══ Given data ══

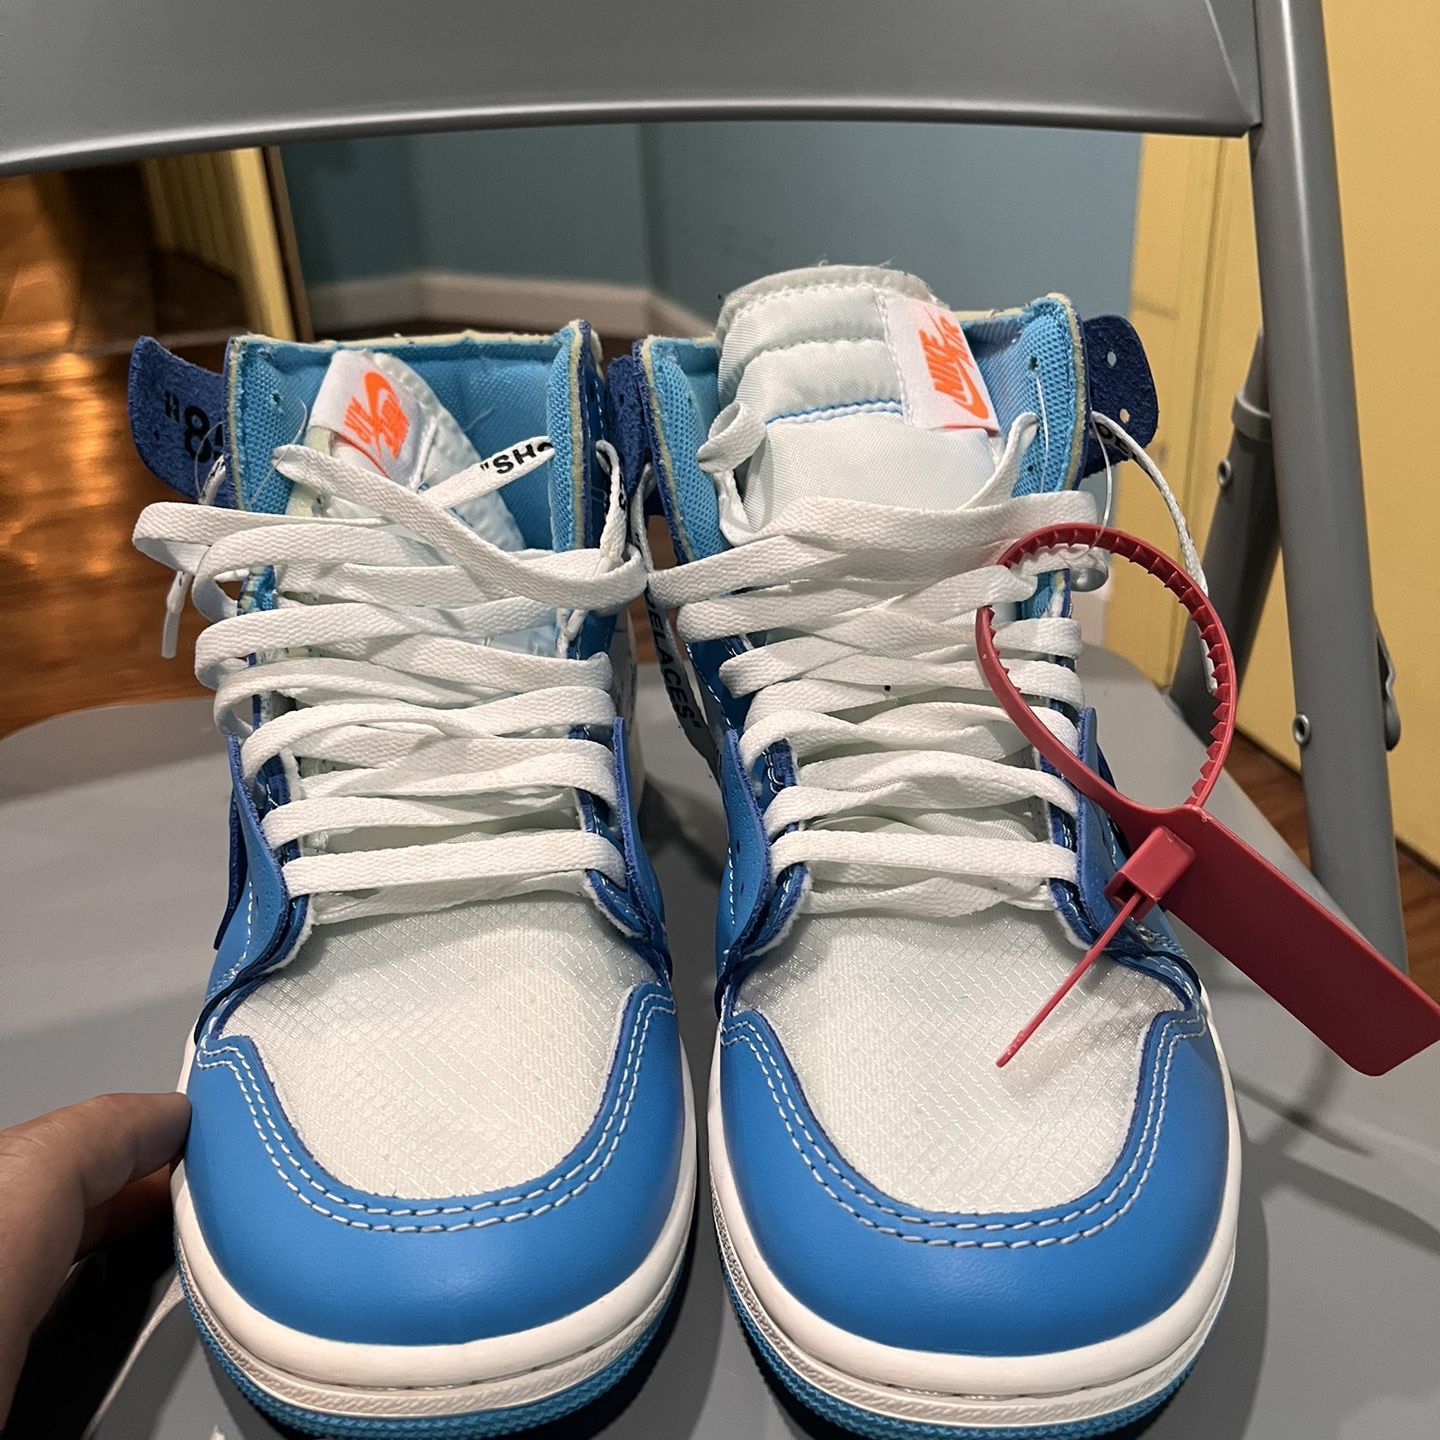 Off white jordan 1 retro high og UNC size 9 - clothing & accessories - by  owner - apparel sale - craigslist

═══
══ Given data ══

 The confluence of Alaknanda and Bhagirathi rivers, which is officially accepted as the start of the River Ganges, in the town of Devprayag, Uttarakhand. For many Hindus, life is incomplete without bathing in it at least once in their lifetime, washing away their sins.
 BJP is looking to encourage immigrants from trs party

═══

▸ Directions:
Would you please write out, exactly and with no other lines, the stretch of the listing above from the line containing "The confluence of" through the line containing "BJP is looking"?

▸ Exercise response:
 The confluence of Alaknanda and Bhagirathi rivers, which is officially accepted as the start of the River Ganges, in the town of Devprayag, Uttarakhand. For many Hindus, life is incomplete without bathing in it at least once in their lifetime, washing away their sins.
 BJP is looking to encourage immigrants from trs party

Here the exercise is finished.